▶ [Work to complete]: Transcription, pictures excluded: write out the data below exactly.

══ Material provided

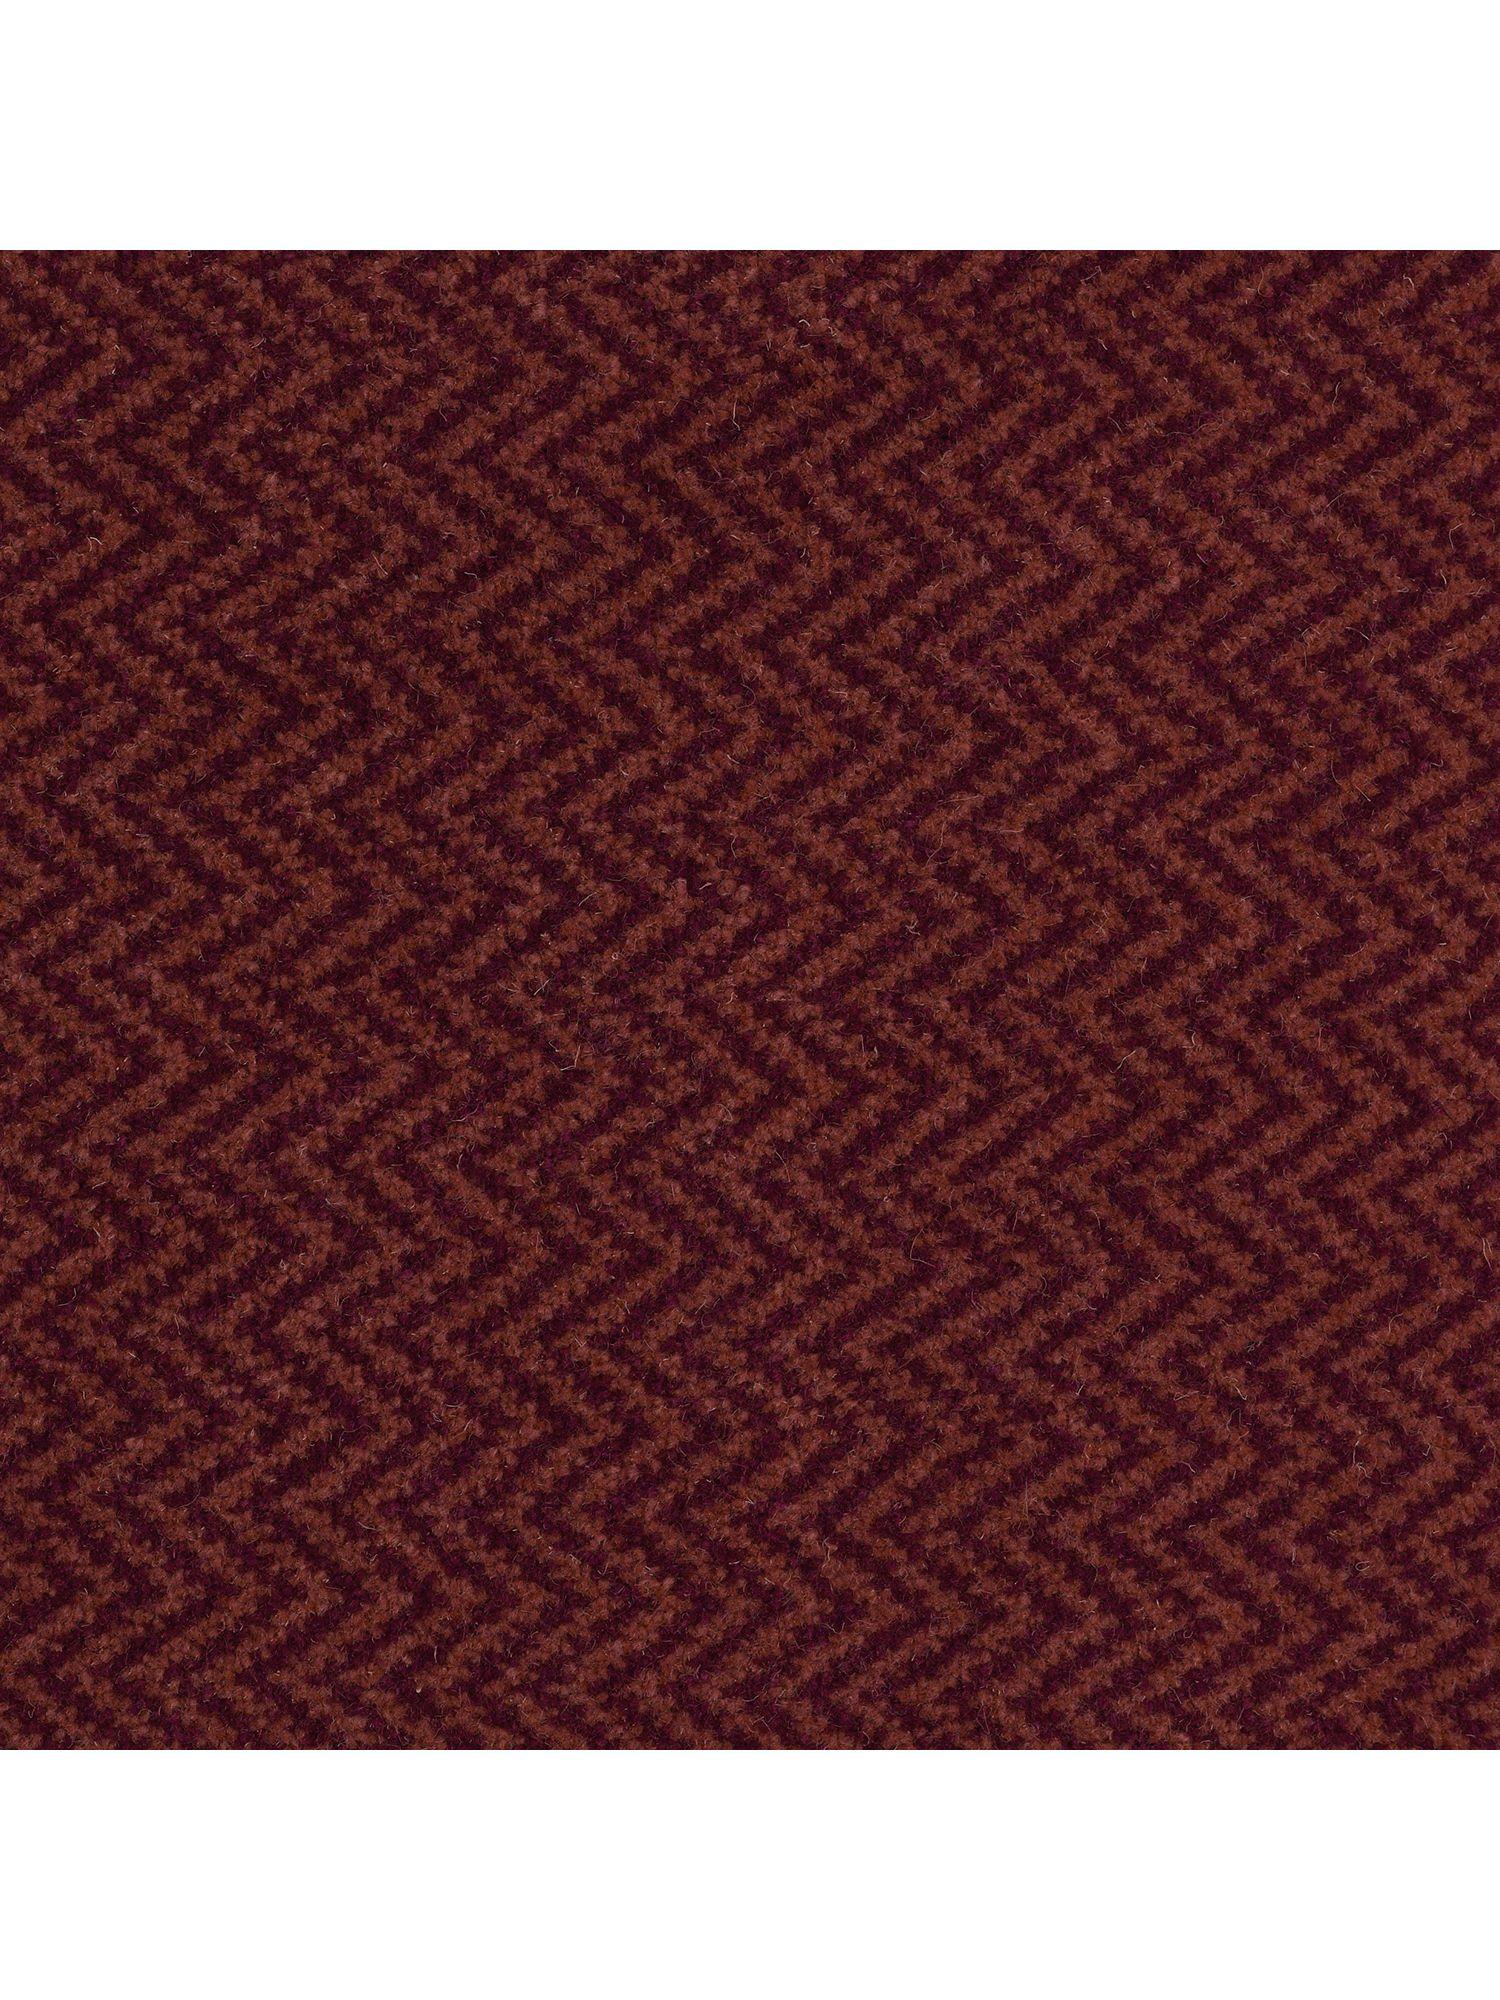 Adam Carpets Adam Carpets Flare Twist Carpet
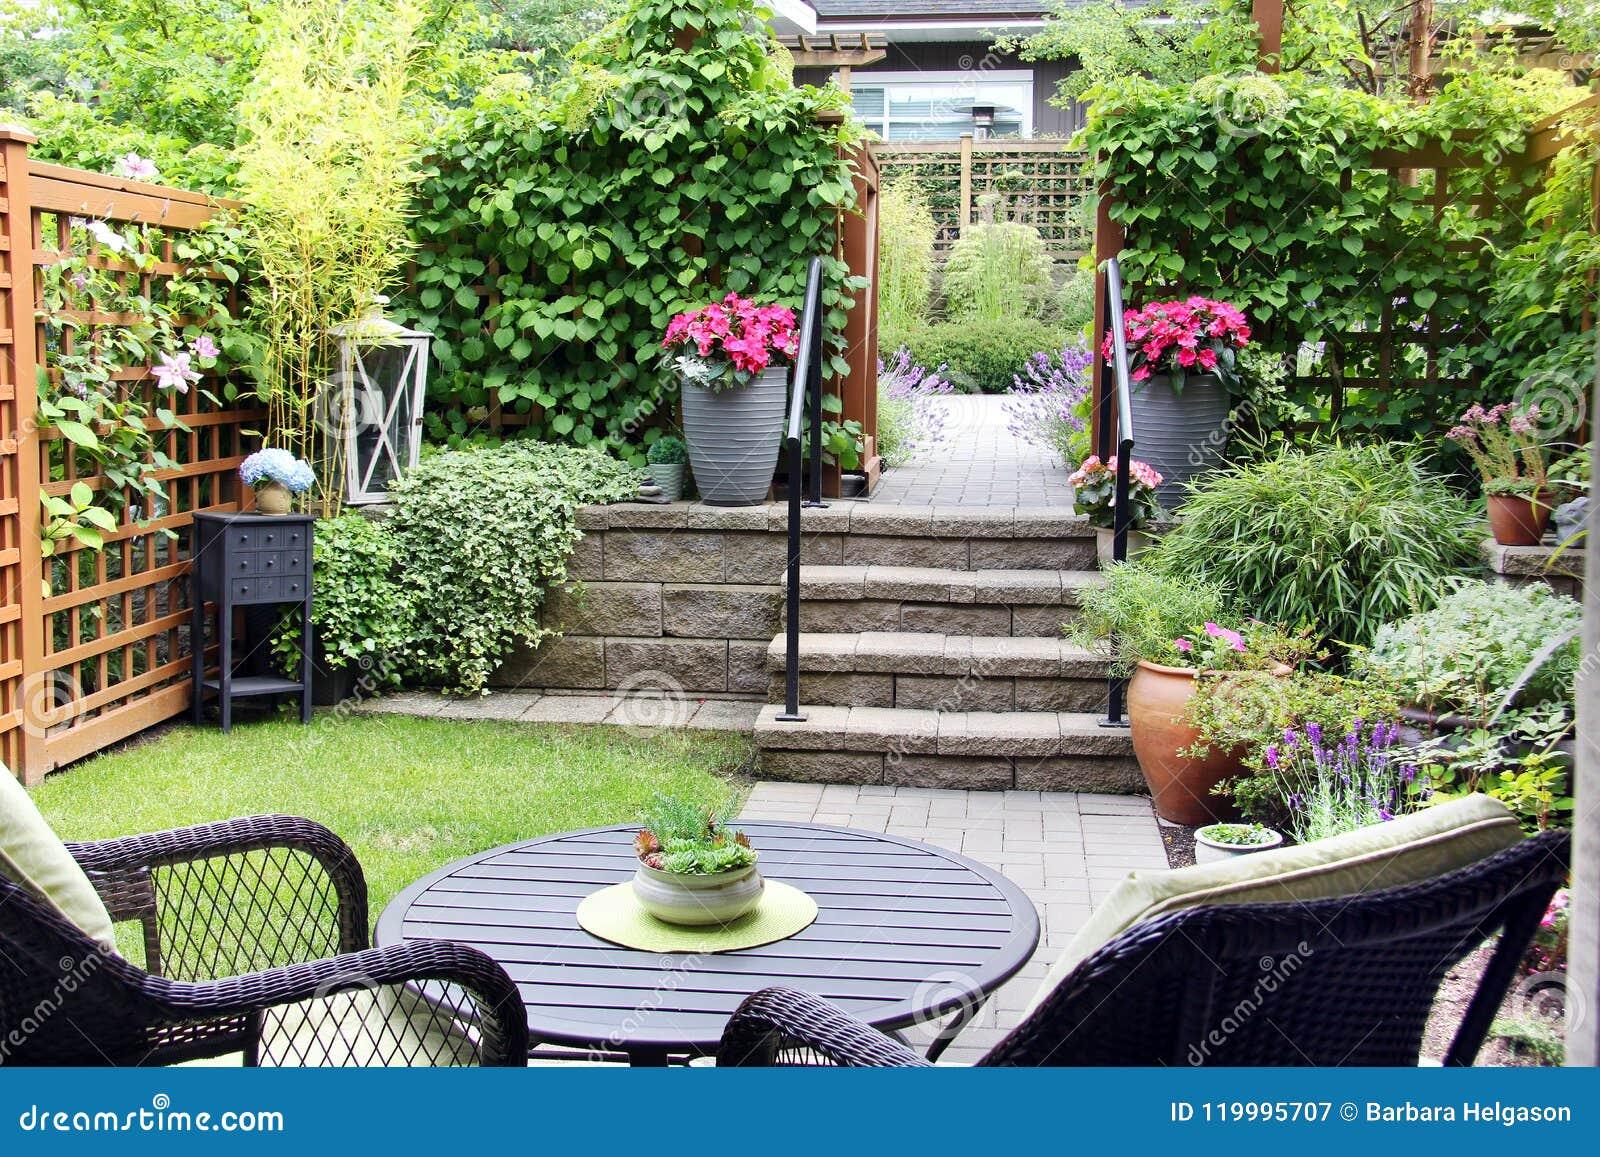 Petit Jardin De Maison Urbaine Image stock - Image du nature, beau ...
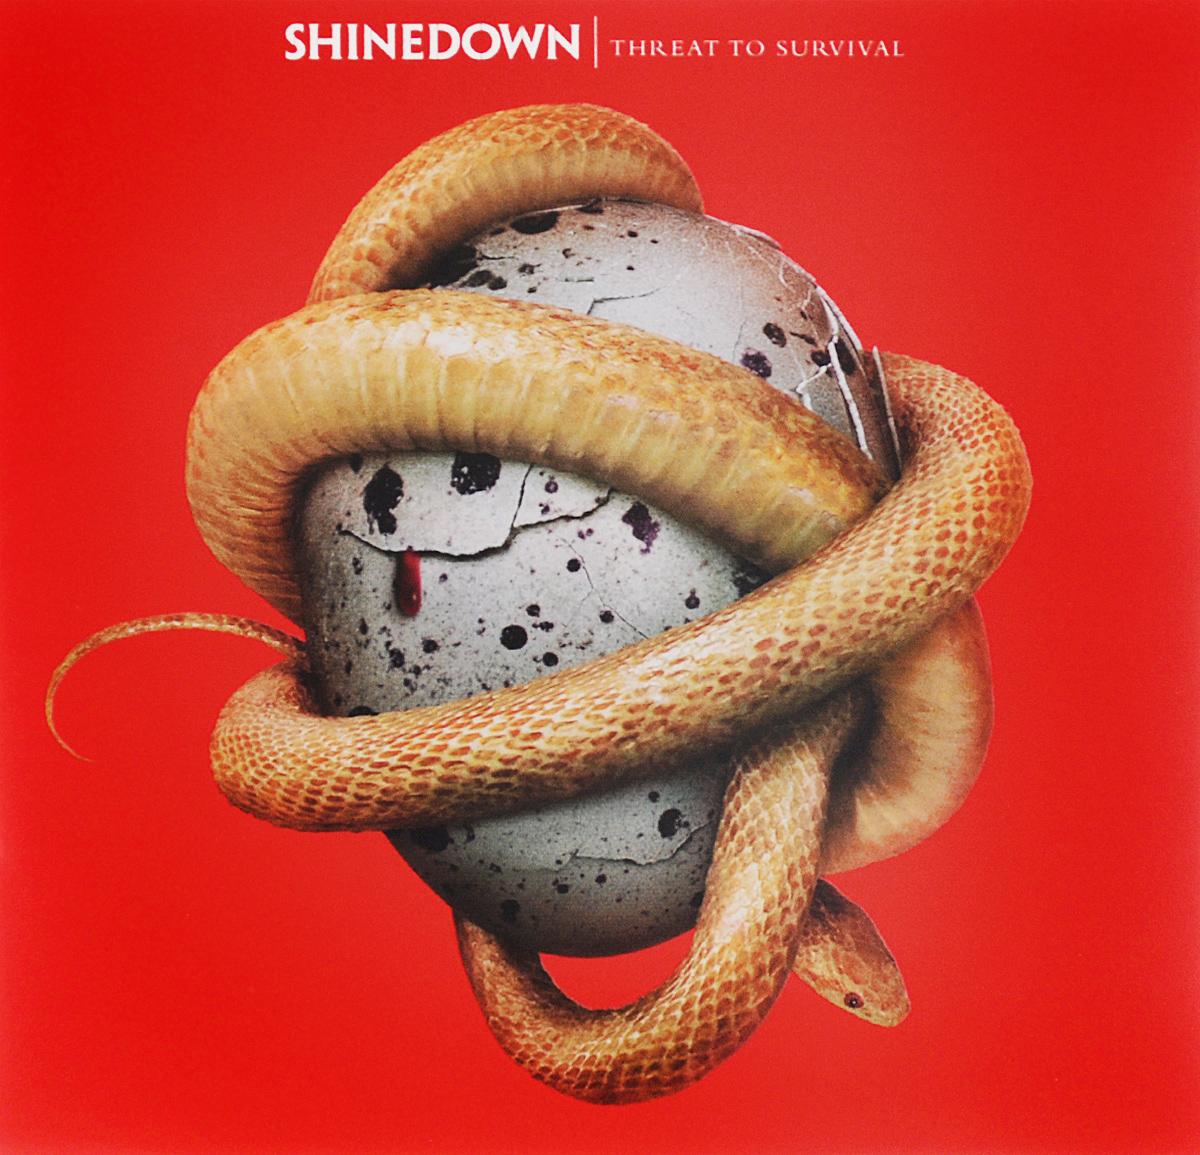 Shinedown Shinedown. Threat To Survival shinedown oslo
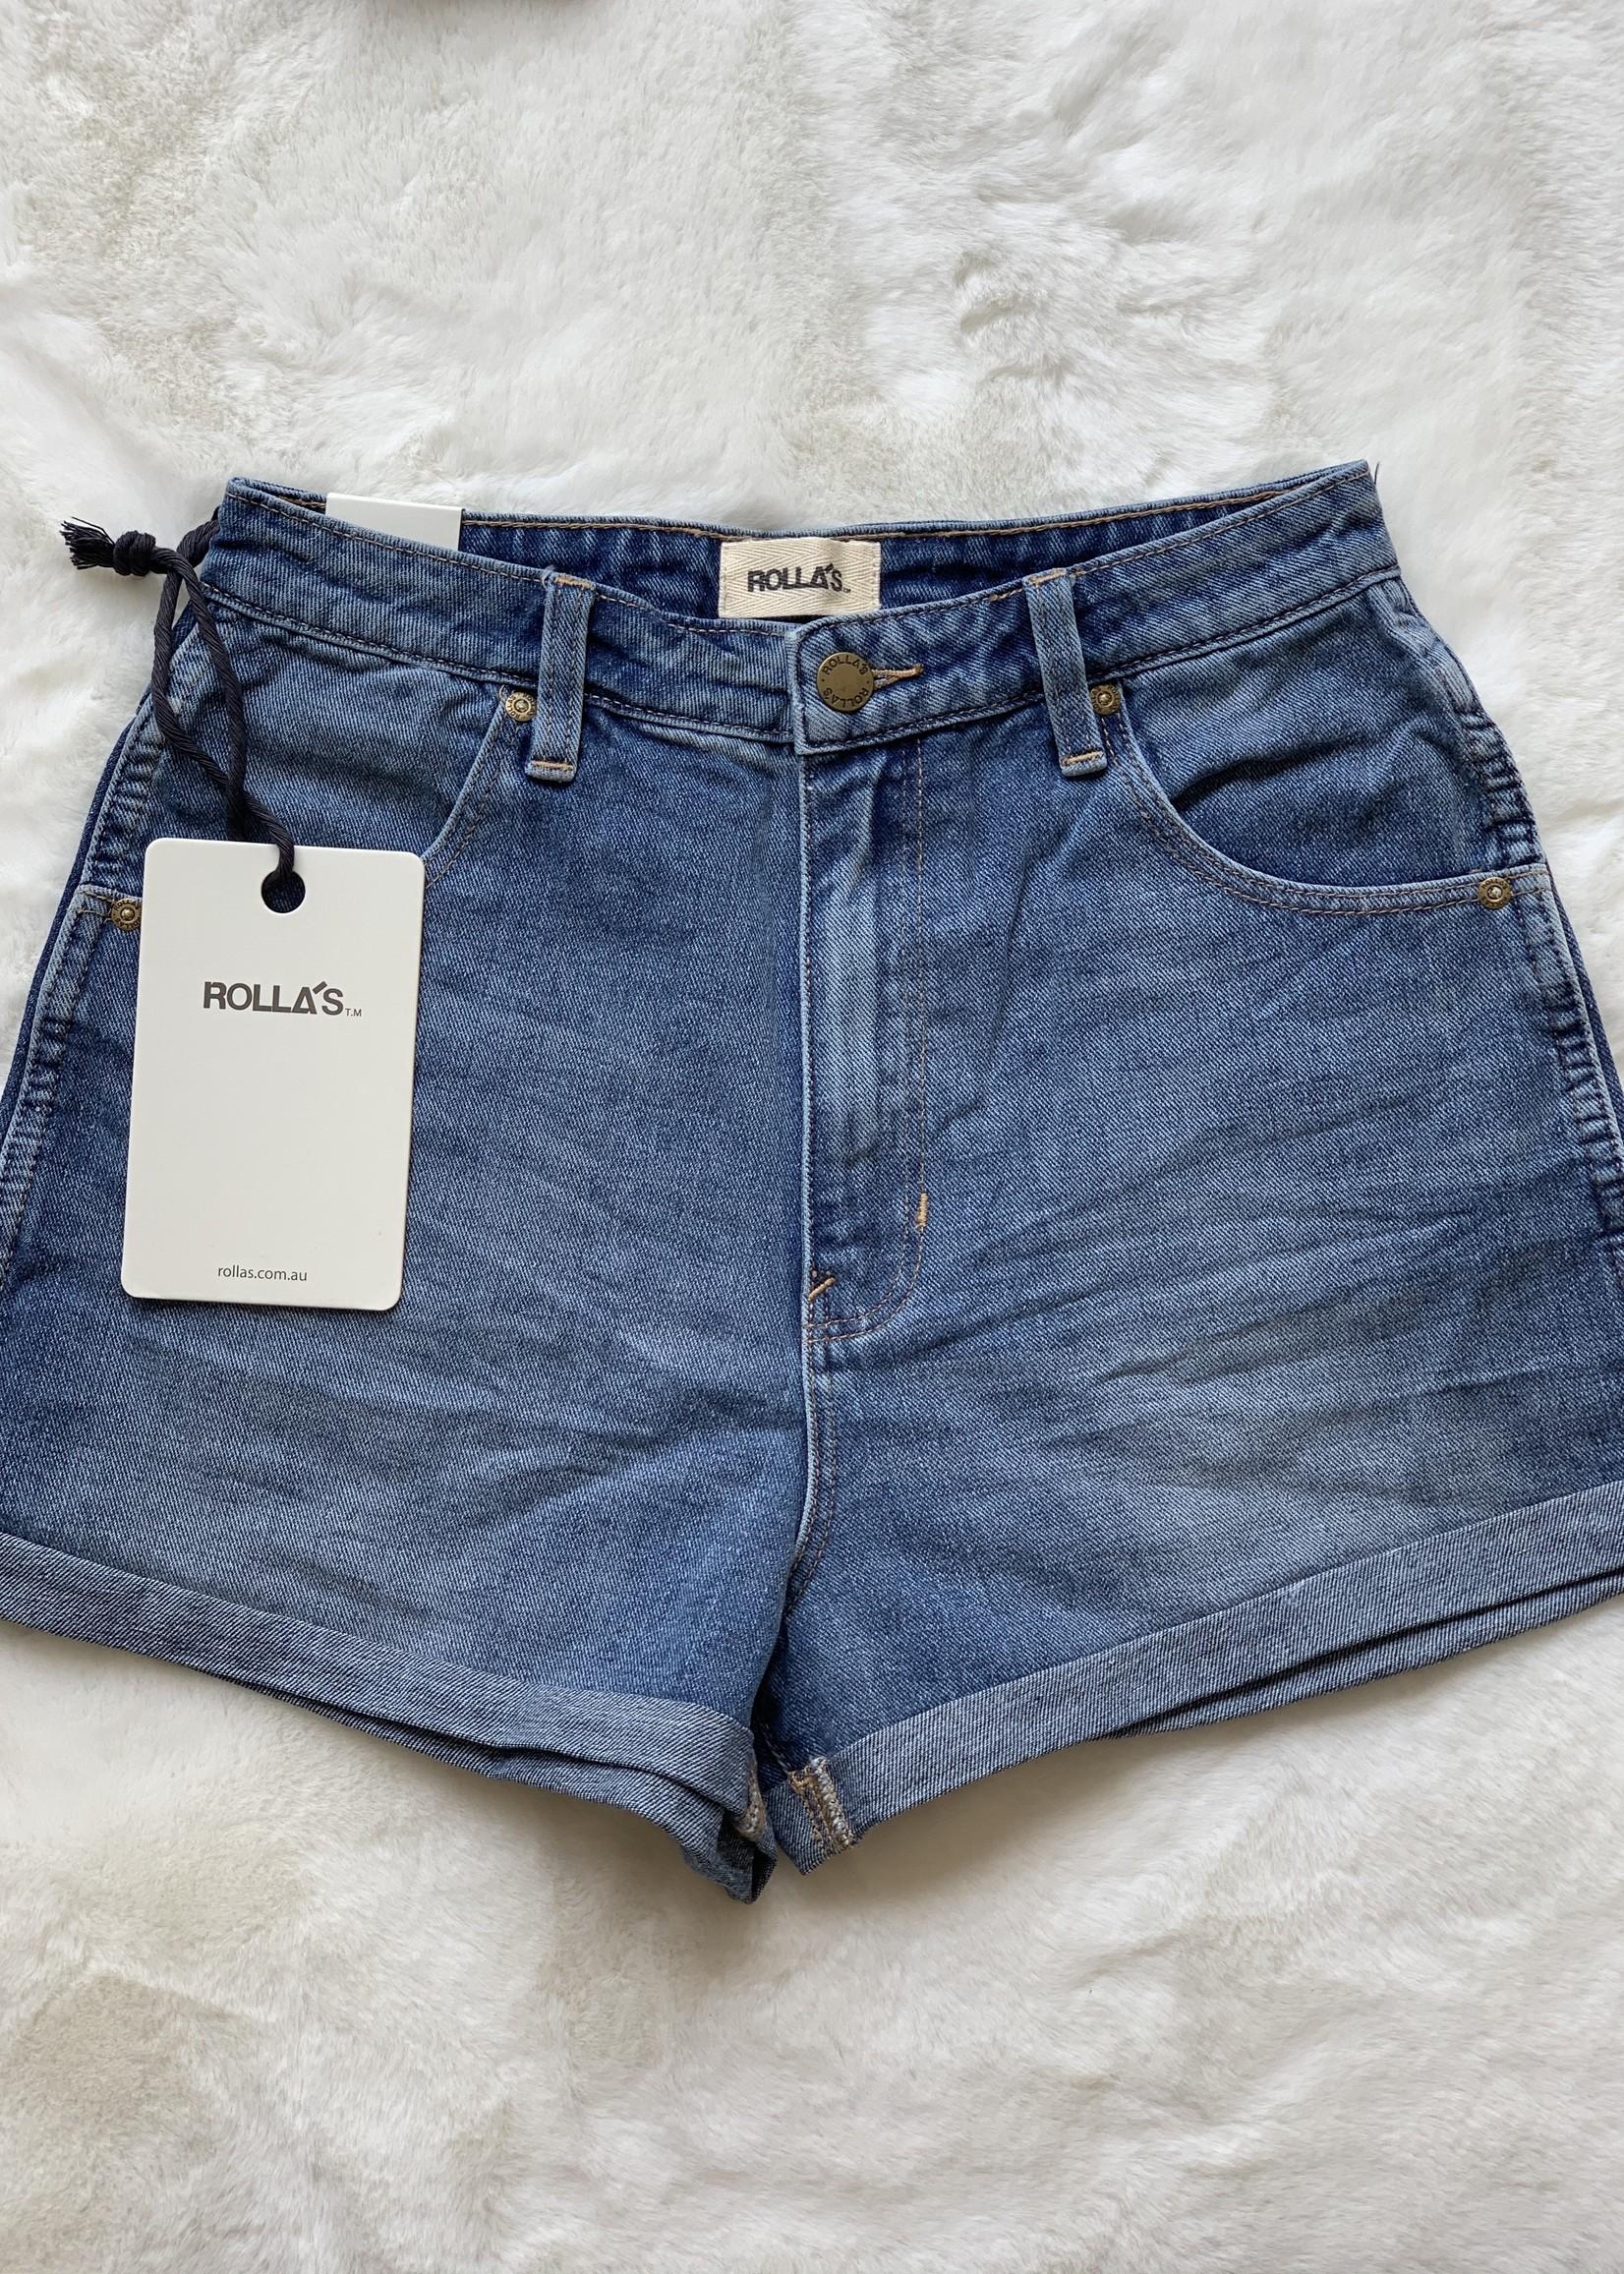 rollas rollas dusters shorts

════

▶ [Response below]:
 Adam Carpets Adam Carpets Flare Twist Carpet
 Petit Jardin De Maison Urbaine Image stock - Image du nature, beau ...
 Shinedown Shinedown. Threat To Survival shinedown oslo
 rollas rollas dusters shorts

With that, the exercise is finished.